*What you will do*
Leave the pictures in the listing below aside and reproduce exactly the lines starting with the one with "Erholungspause am Obstansersee" and going on through the one with "Implementierung und Umsetzung", both ends included.

*Entries provided*
# # # #

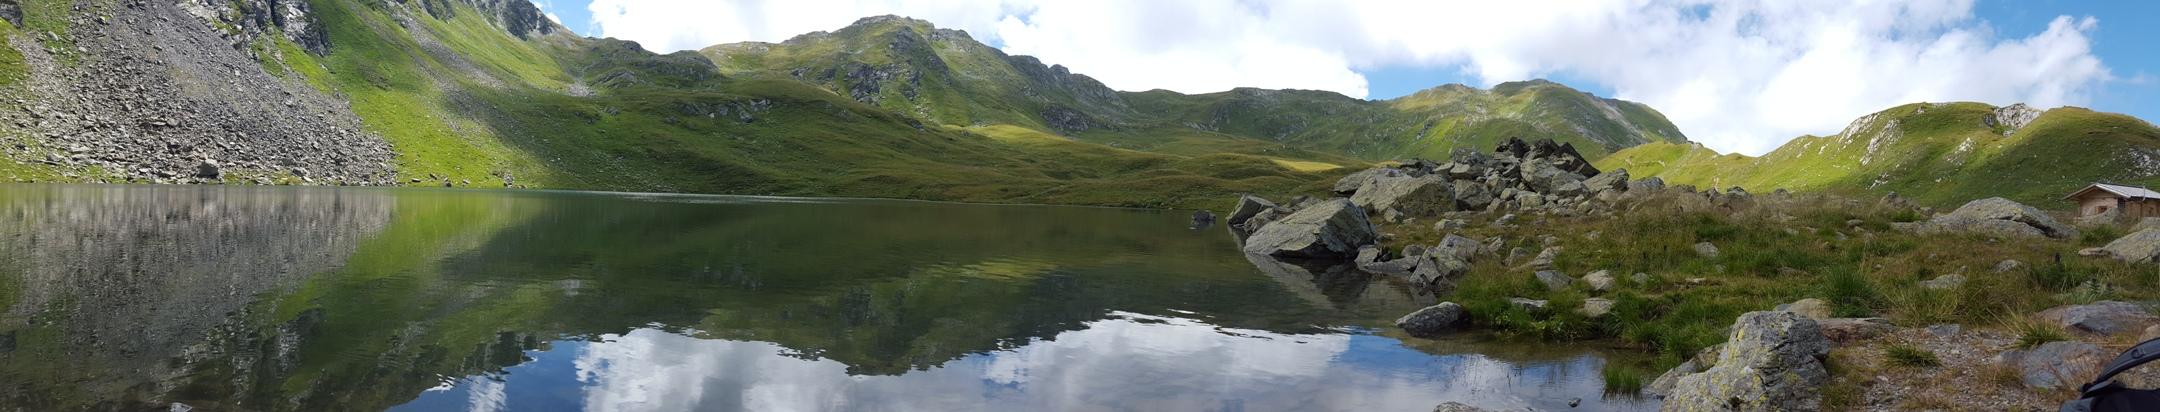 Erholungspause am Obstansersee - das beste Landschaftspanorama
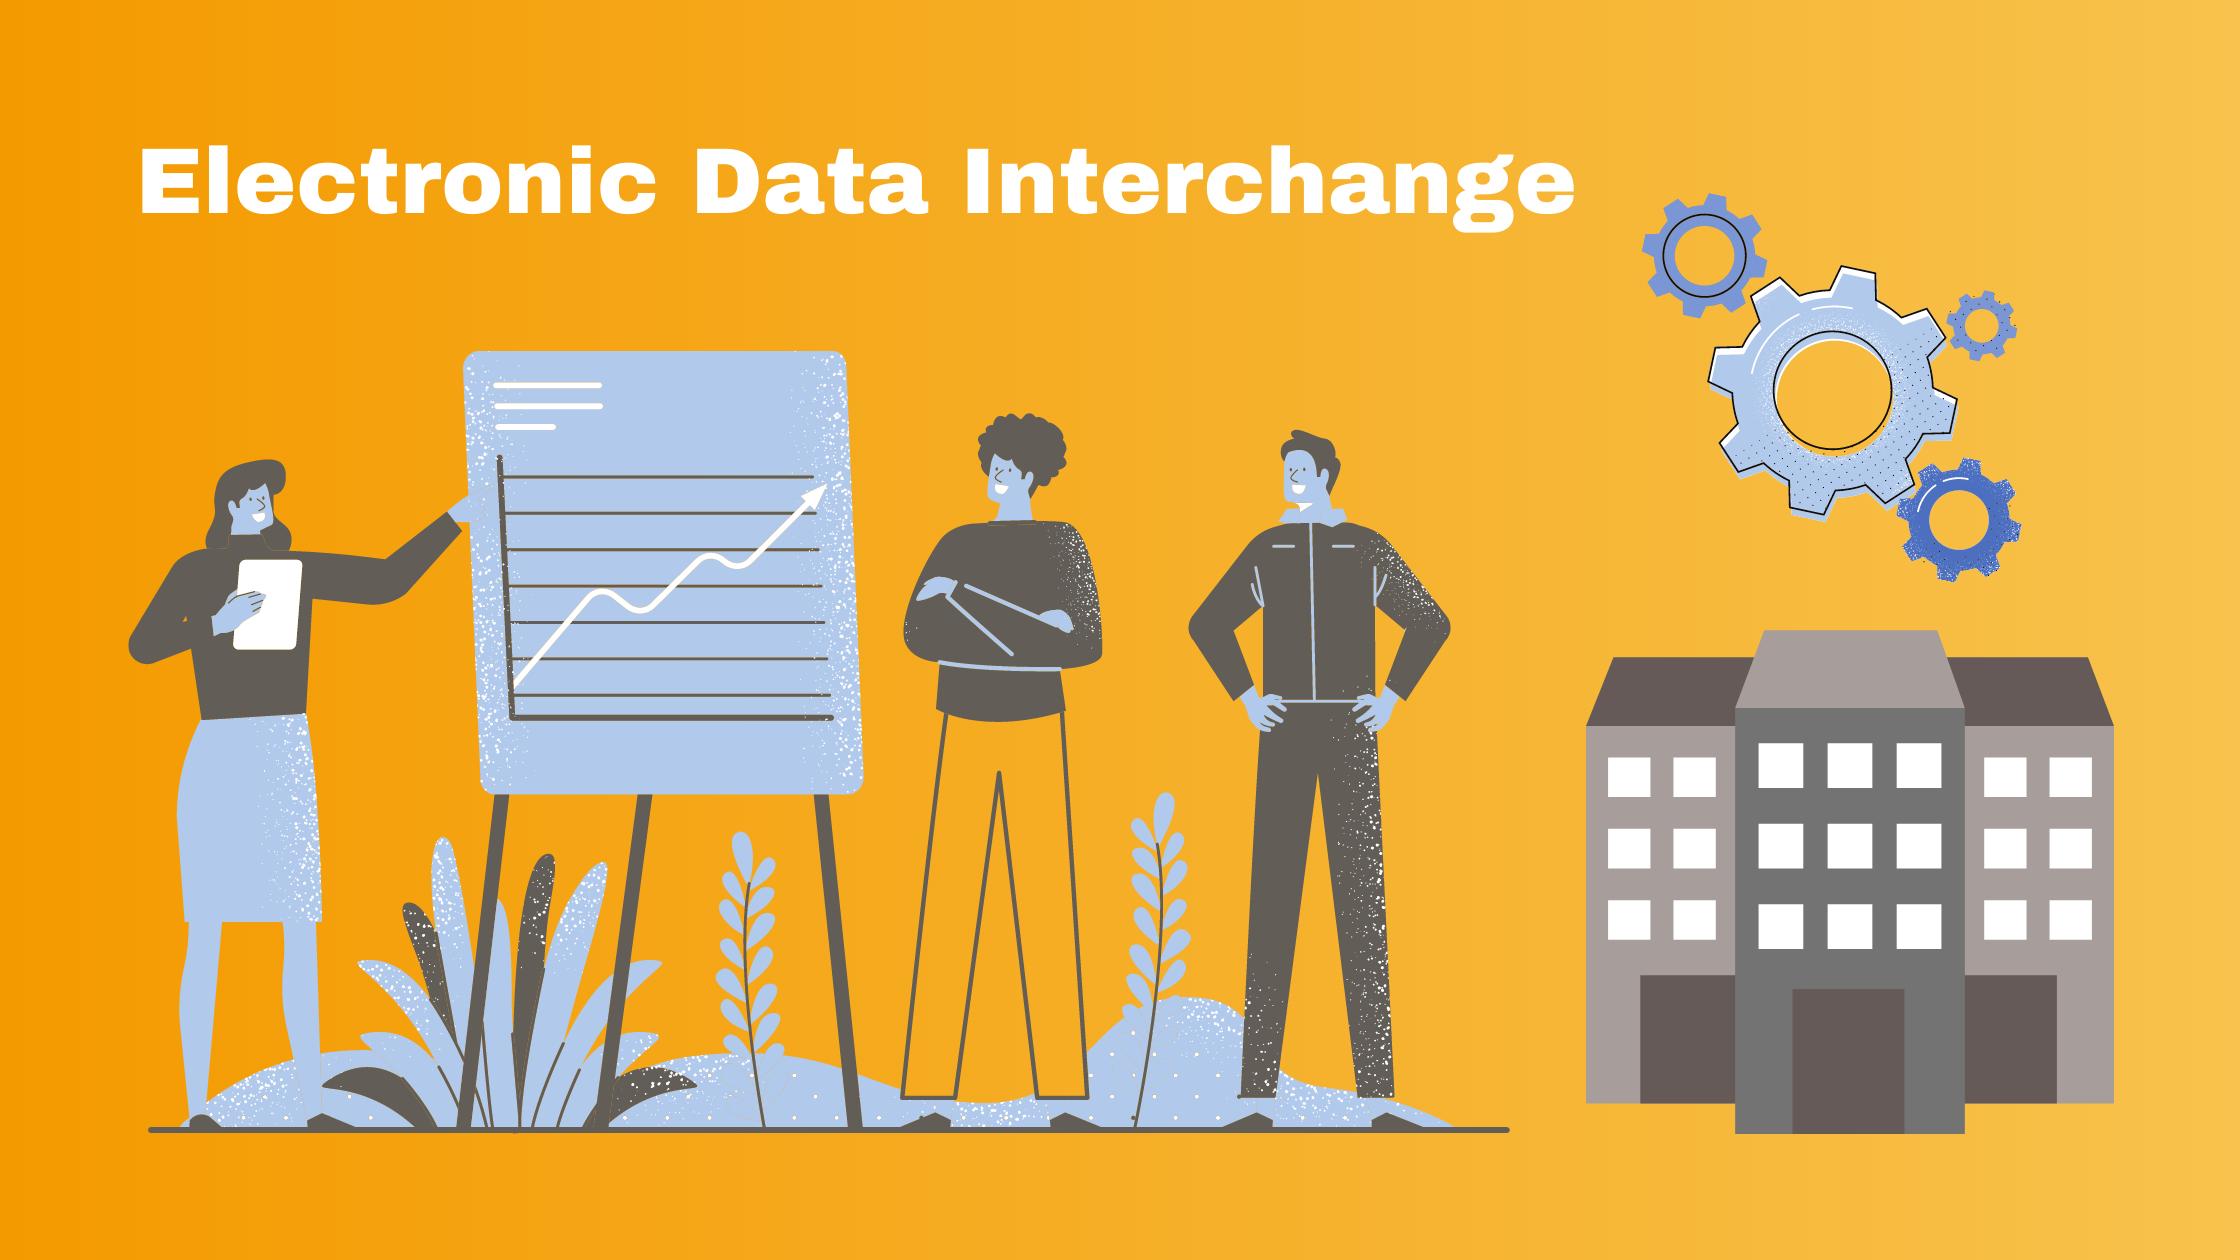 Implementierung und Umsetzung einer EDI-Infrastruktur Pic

# # # #

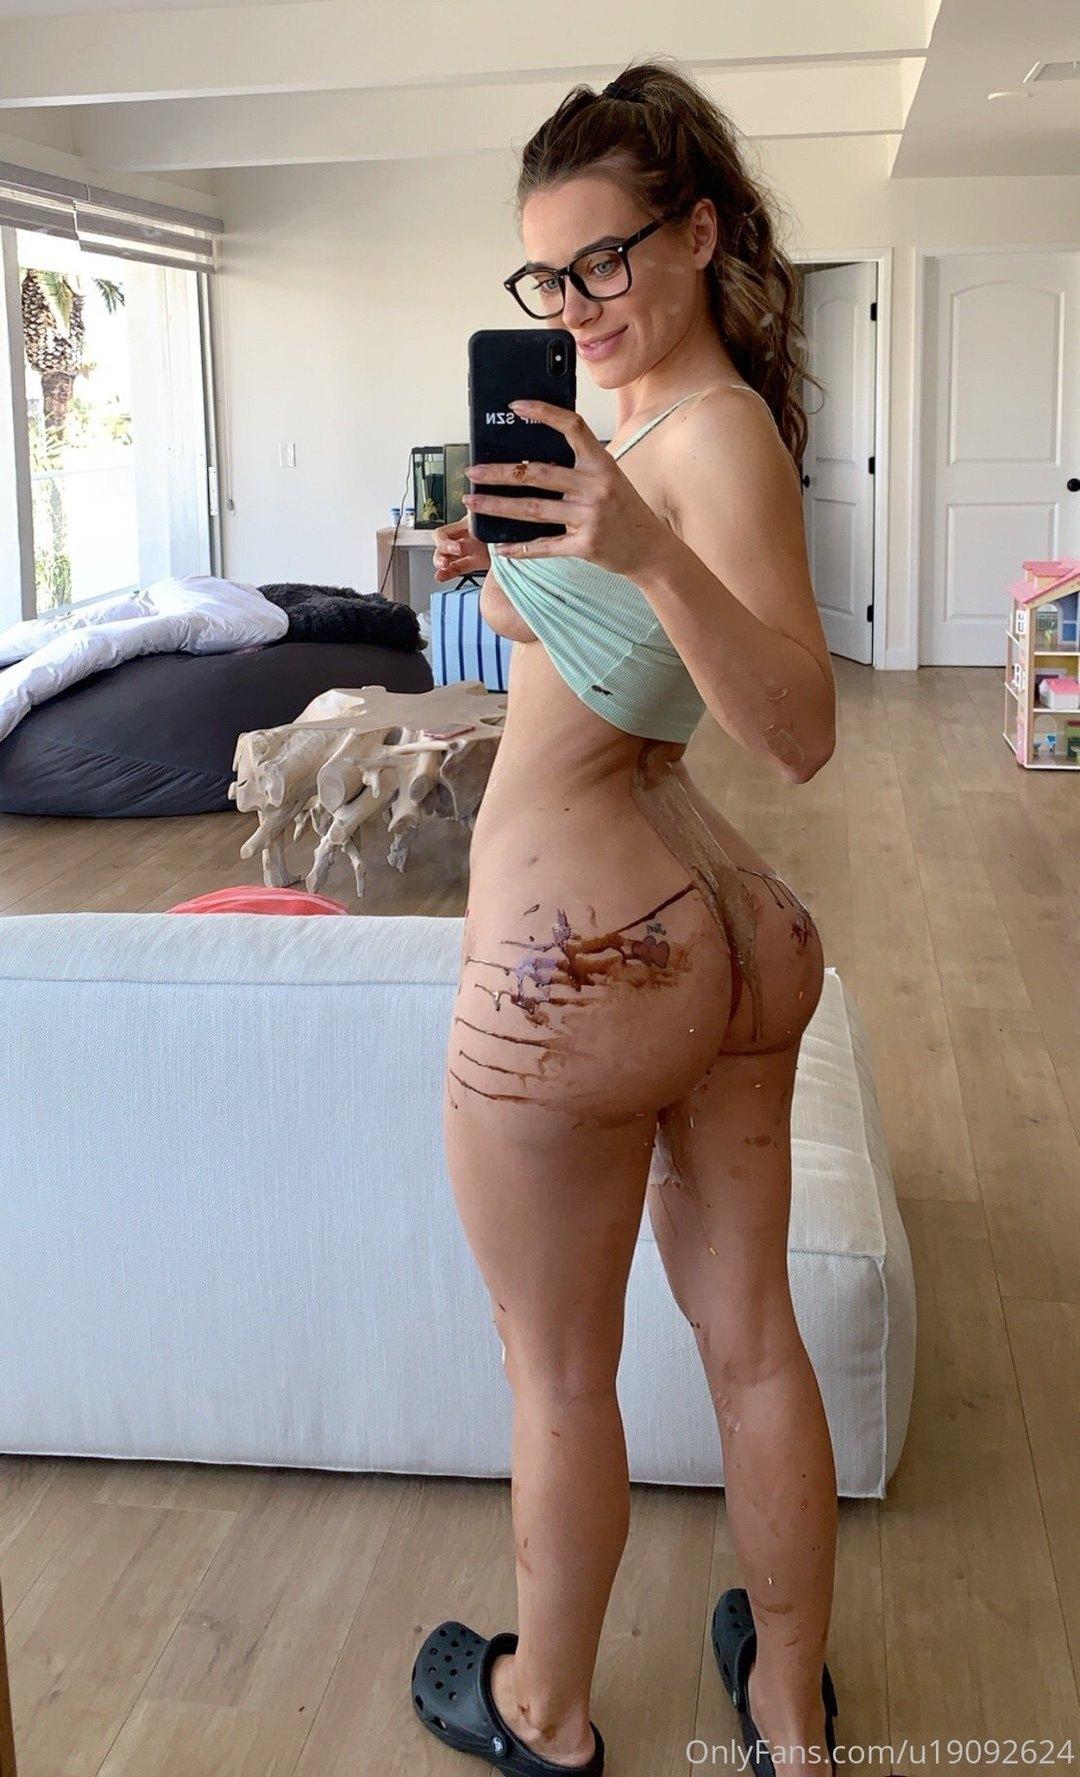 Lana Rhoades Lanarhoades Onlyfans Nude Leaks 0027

# # # #

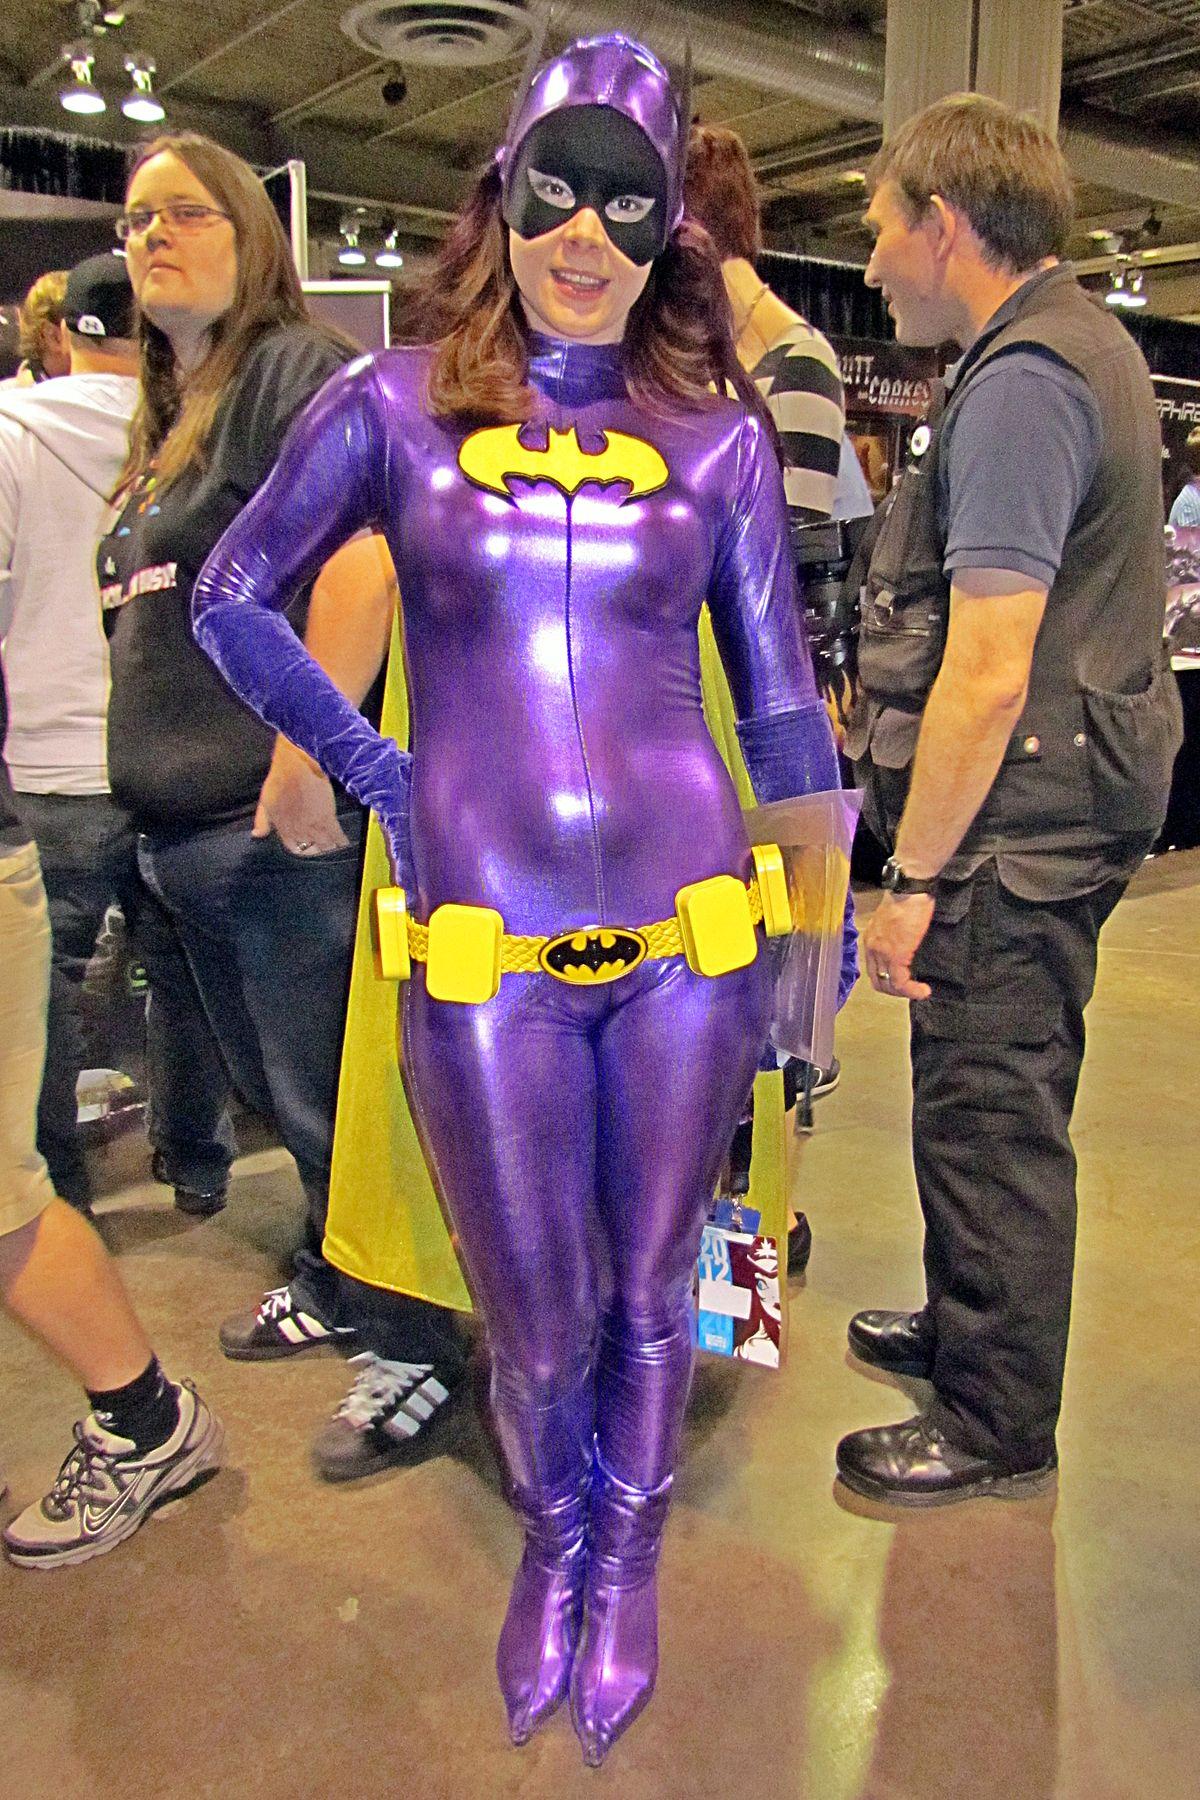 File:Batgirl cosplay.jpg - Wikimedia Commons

# # # #

*Task output*
 Erholungspause am Obstansersee - das beste Landschaftspanorama
 Implementierung und Umsetzung einer EDI-Infrastruktur Pic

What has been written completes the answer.